-- Task description --
Wherever a picture sits, omit it. Output the rest of the listing exactly.
START Data section
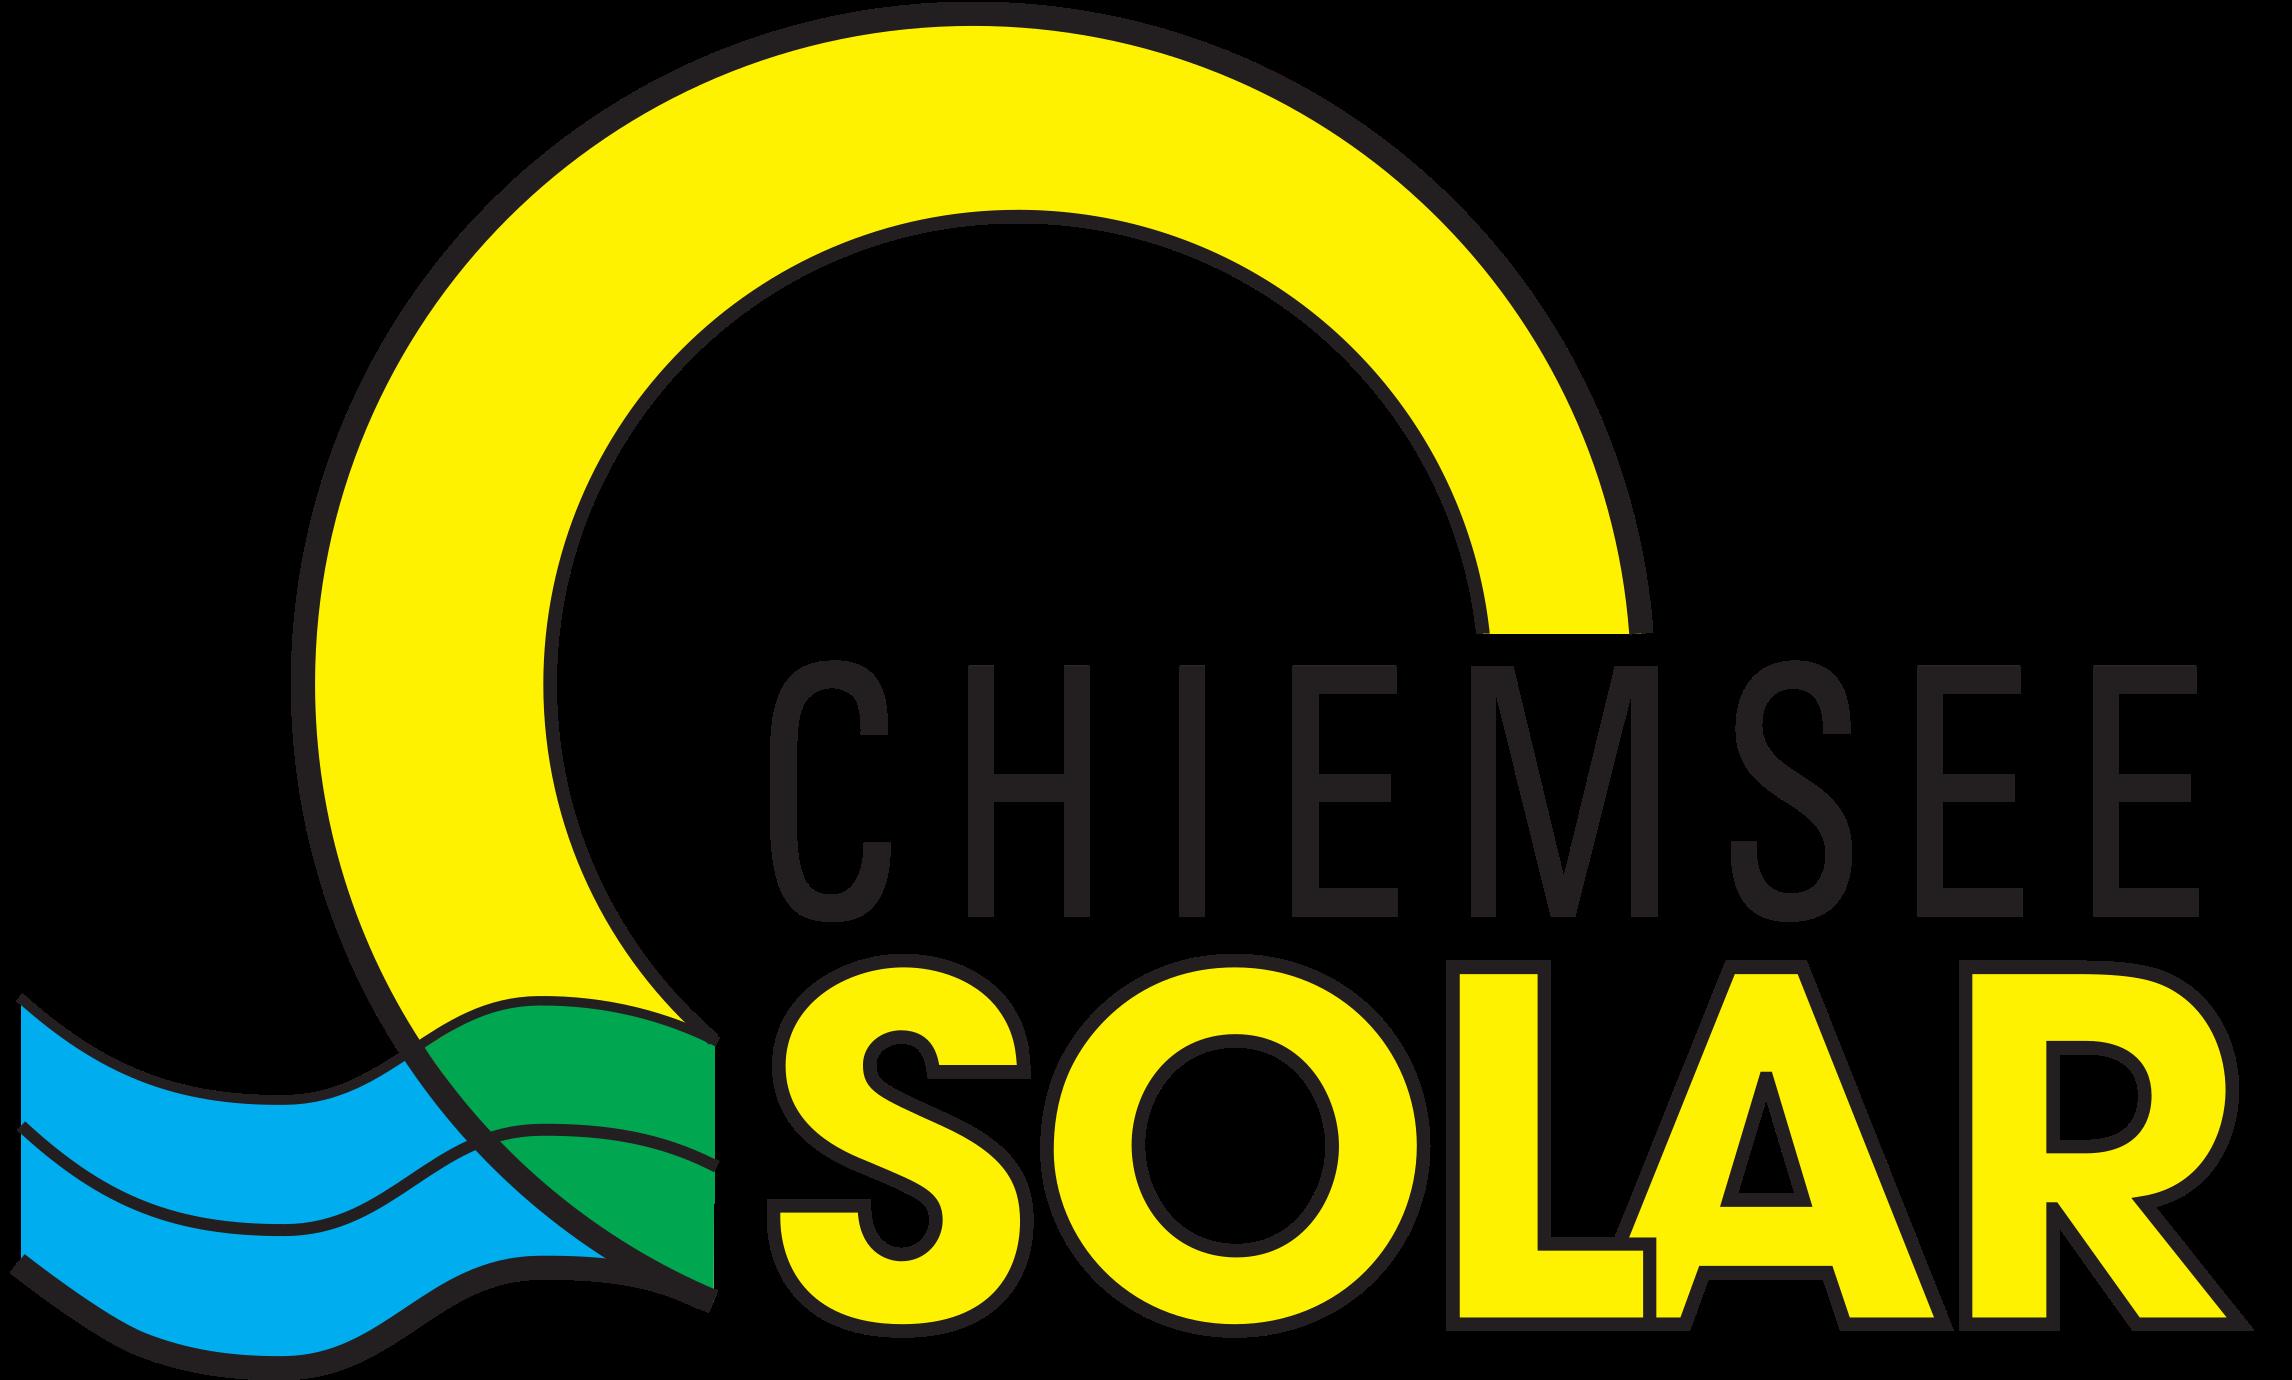 Chiemsee Solar
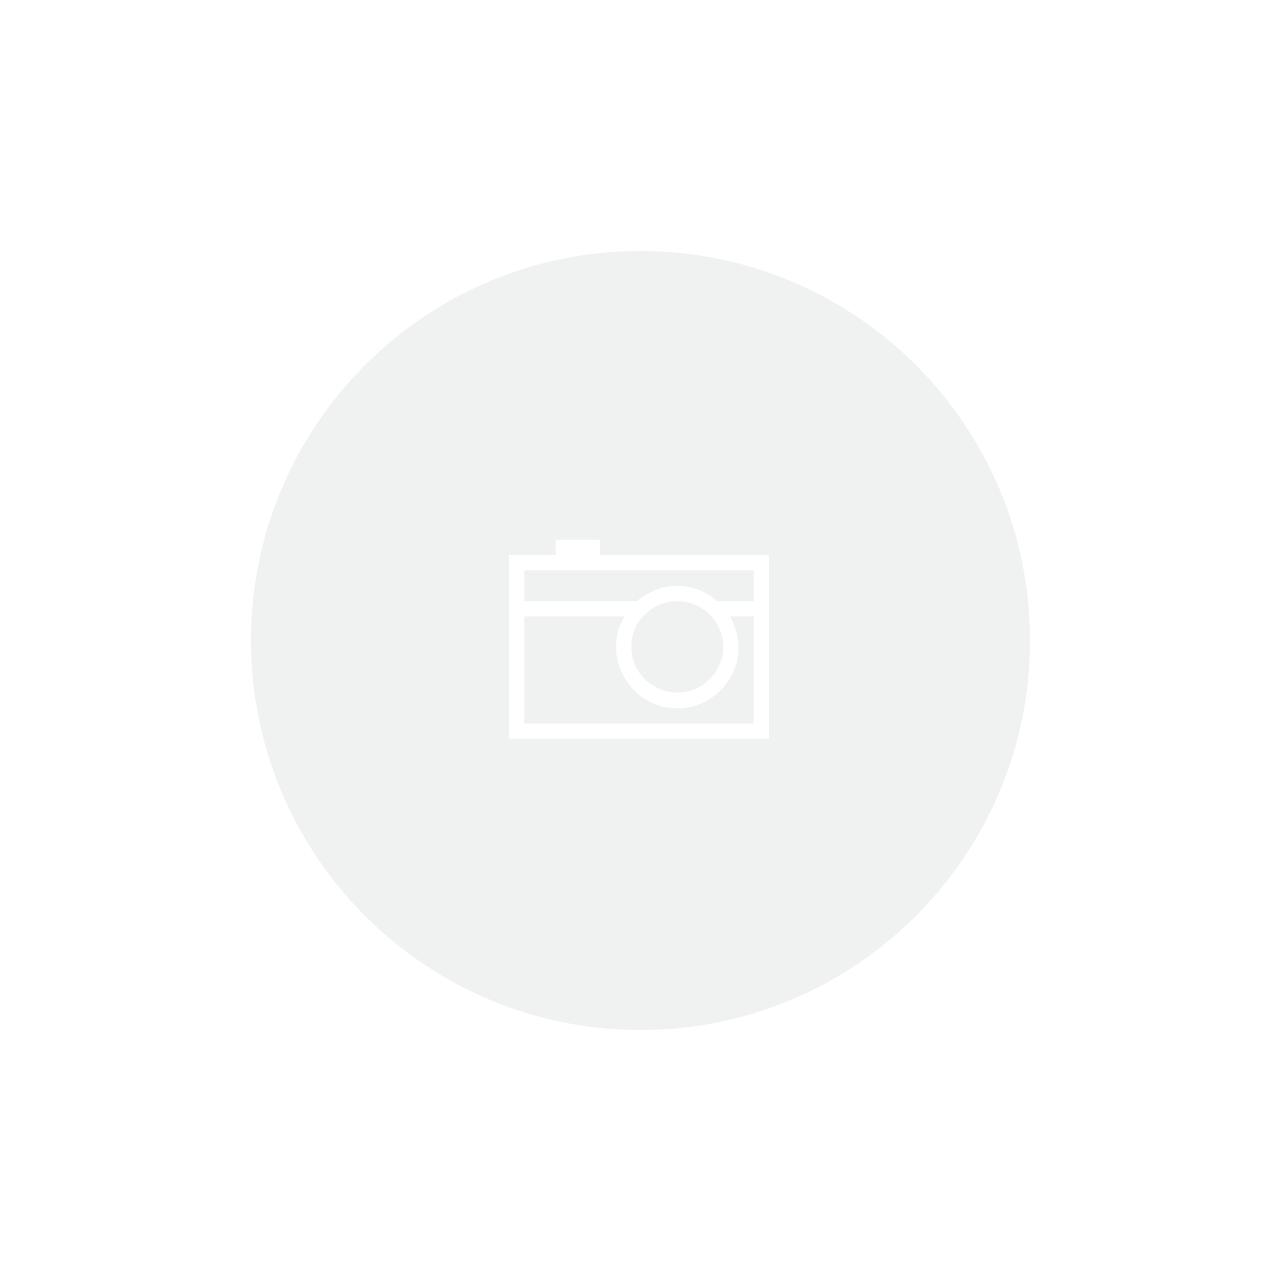 CHAVE ALLEN PARK TOOL AWS-1 C/ 3 PONTAS (4/5/6mm)
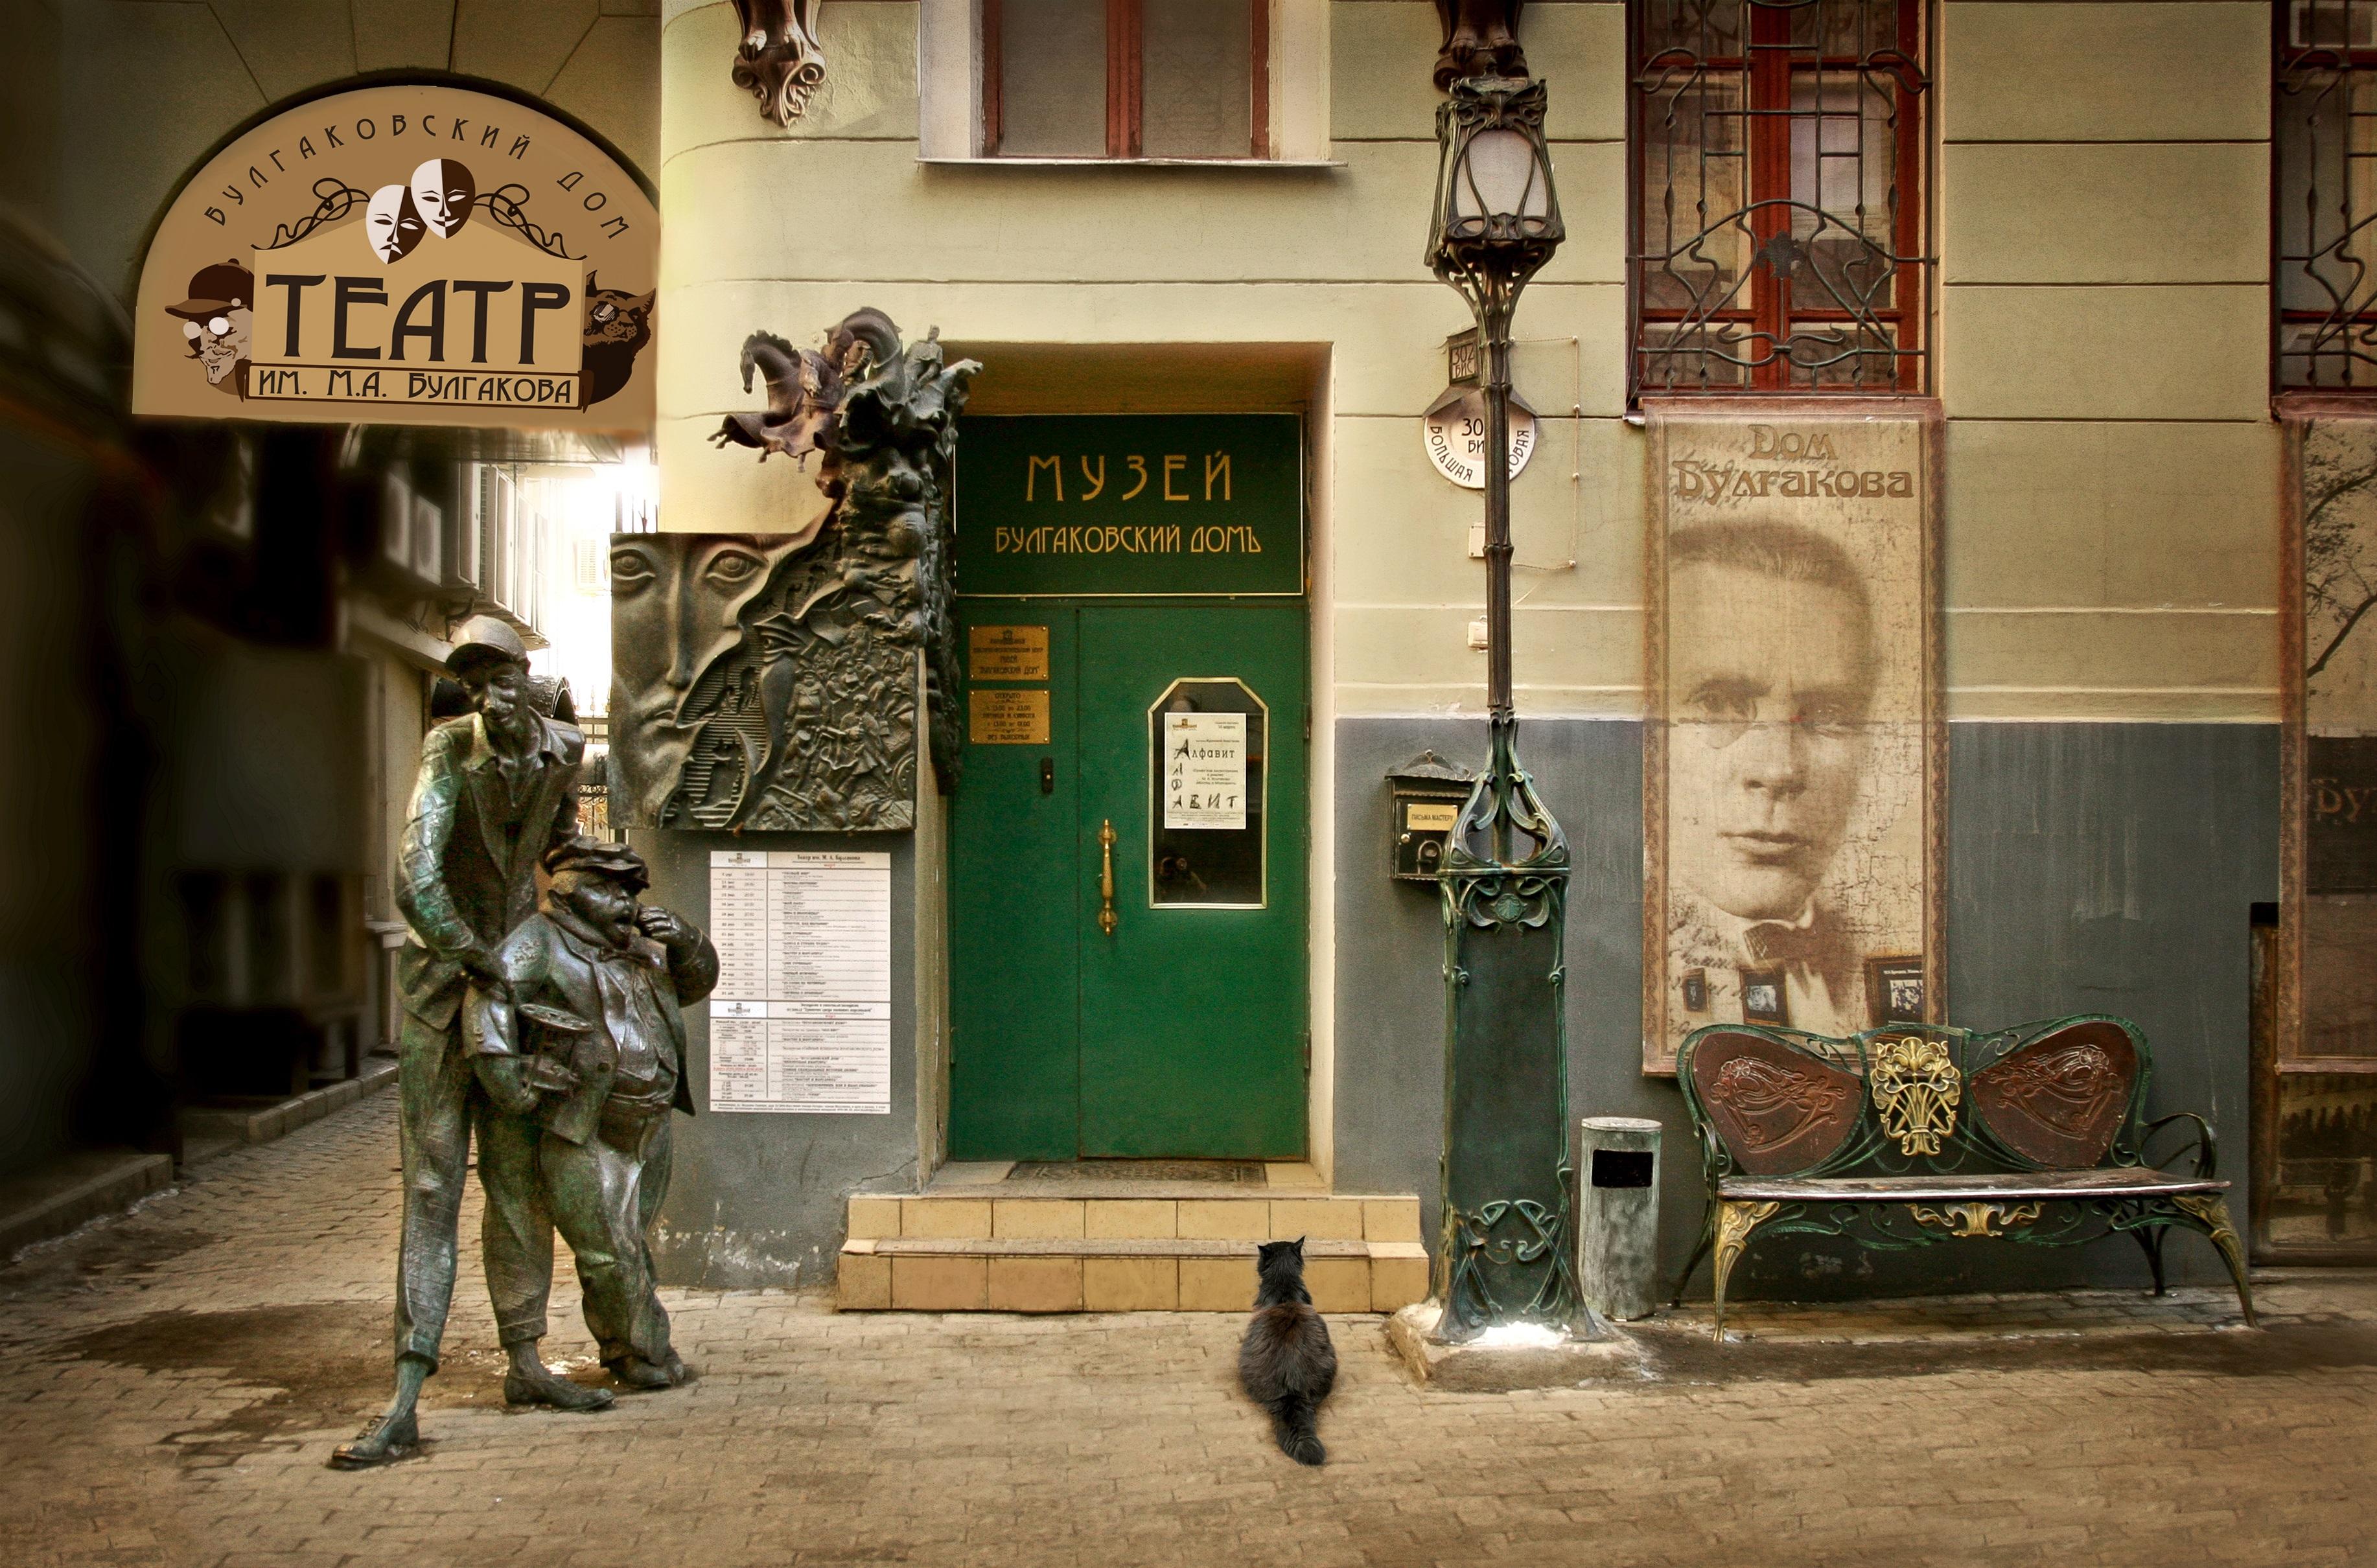 Вход в музей-театр «Булгаковский дом»
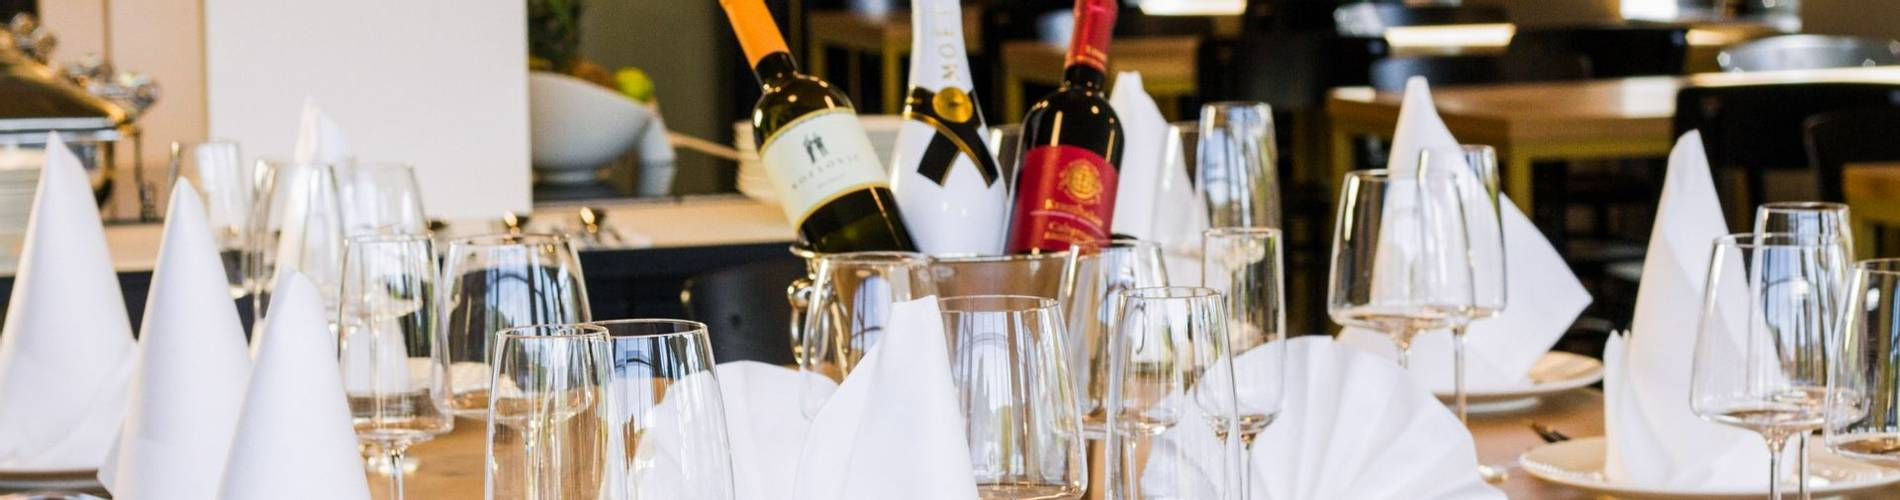 Hotel_Lyra_Plitvice_Restaurant_1.jpg
END Data section
-- Response to this exercise --
 Chiemsee Solar
 CHAVE ALLEN PARK TOOL AWS-1 C/ 3 PONTAS (4/5/6mm)
 Вход в музей-театр «Булгаковский дом»
 Hotel_Lyra_Plitvice_Restaurant_1.jpg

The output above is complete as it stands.